5. A method for treatment of ischemic heart disease, the method comprises the steps of;

(1) preparing modified adenovirus vector by incorporating growth factor gene fused with secretory signal sequence into an adenovirus vector,

(2) obtaining non-hematocytes from a creature being target of the treatment of ischemic heart disease, and culturing said non-hematocytes ex-vivo,

(3) infecting cultured said non-hematocytes with said modified adenovirus vector to prepare non-hematocytes having growth factor secretory ability, by introducing said modified adnovirus vector into said non-hematocytes; and

(4) administrating said non-hematocytes having growth factor secretory ability via blood vessel of said creature, thereby said growth factor is secreted in body of said creature.

6. A method to increase cardiac blood flow rate in a creature under myocardial ischemia, the method comprises the steps of;

(1) preparing modified adenovirus vector by incorporating growth factor gene fused with secretory signal sequence into an adenovirus vector,

(2) obtaining non-hematocytes from the creature under myocardial ischemia, and culturing said non-hematocytes ex-vivo,

(3) infecting cultured said non-hematocytes with said modified adenovirus vector to prepare non-hematocytes having growth factor secretory ability, by introducing said modified adnovirus vector into said non-hematocytes; and

(4) administrating said non-hematocytes having growth factor secretory ability via blood vessel of said creature, thereby said growth factor is secreted in body of said creature.

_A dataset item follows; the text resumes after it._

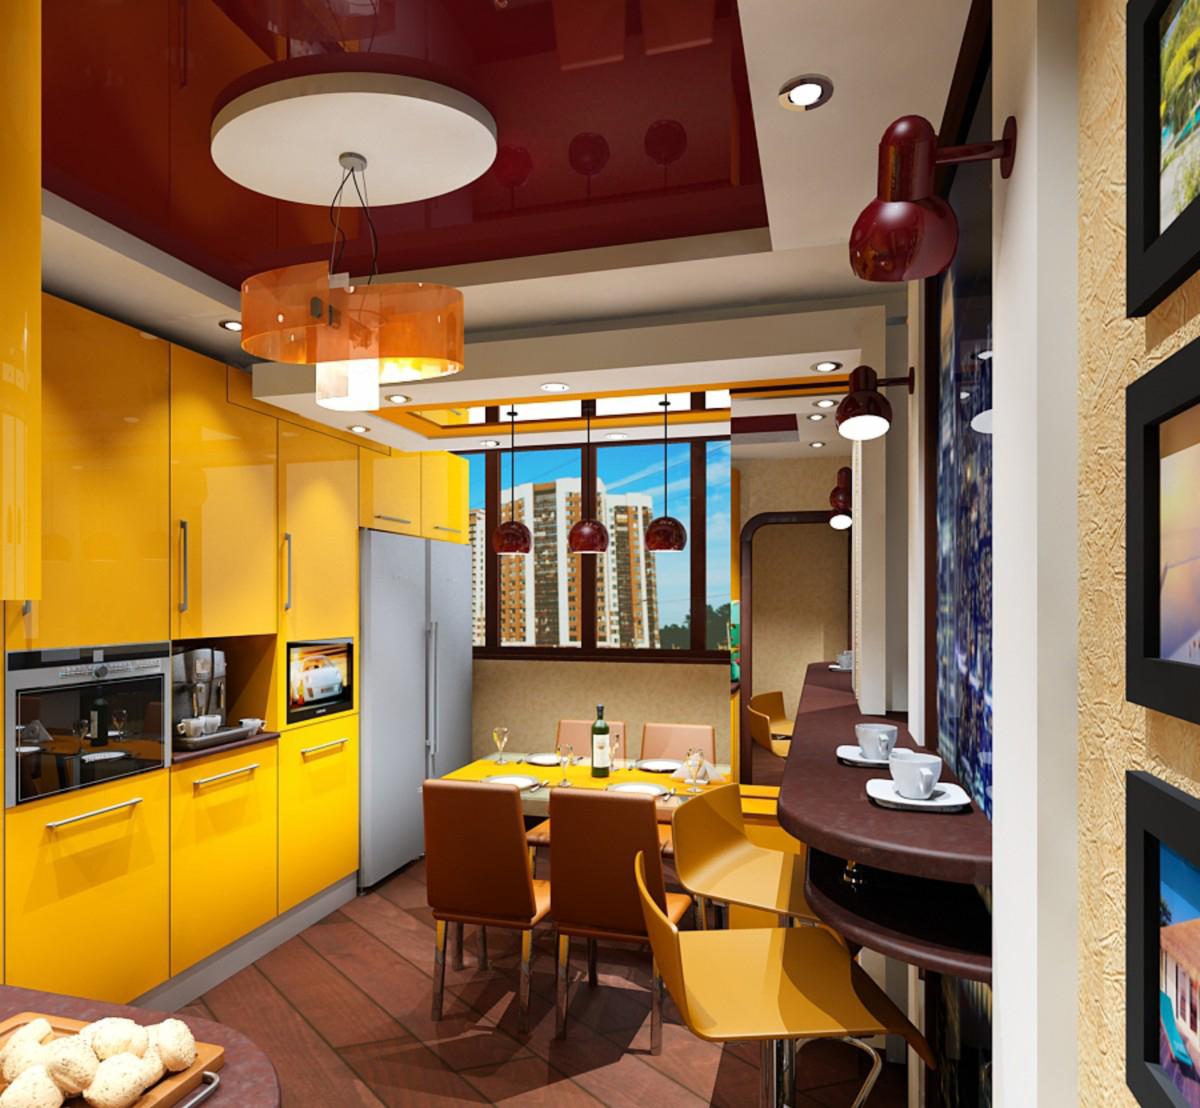 Желтый, коричневый и бежевый цвета в интерьере кухни

7. Non-hematocytes having growth factor secretory ability, the non-hematocytes produced by the steps of;

(1) preparing modified adenovirus vector by incorporating growth factor gene fused with secretory signal sequence into an adenovirus vector,

(2) obtaining non-hematocytes from a creature, and culturing said non-hematocytes ex-vivo; and

(3) infecting cultured said non-hematocytes with said modified adenovirus vector to prepare non-hematocytes having growth factor secretory ability, by introducing said modified adnovirus vector into said non-hematocytes.

(3) infecting cultured said non-hematocytes with said modified adenovirus vector to prepare non-hematocytes having growth factor secretory ability by introducing said modified adnovirus vector into said non-hematocytes.

8. Non-hematocytes having growth factor secretory ability, wherein a gene encoding growth factor is introduced into said non-hematocytes using adenovirus vector.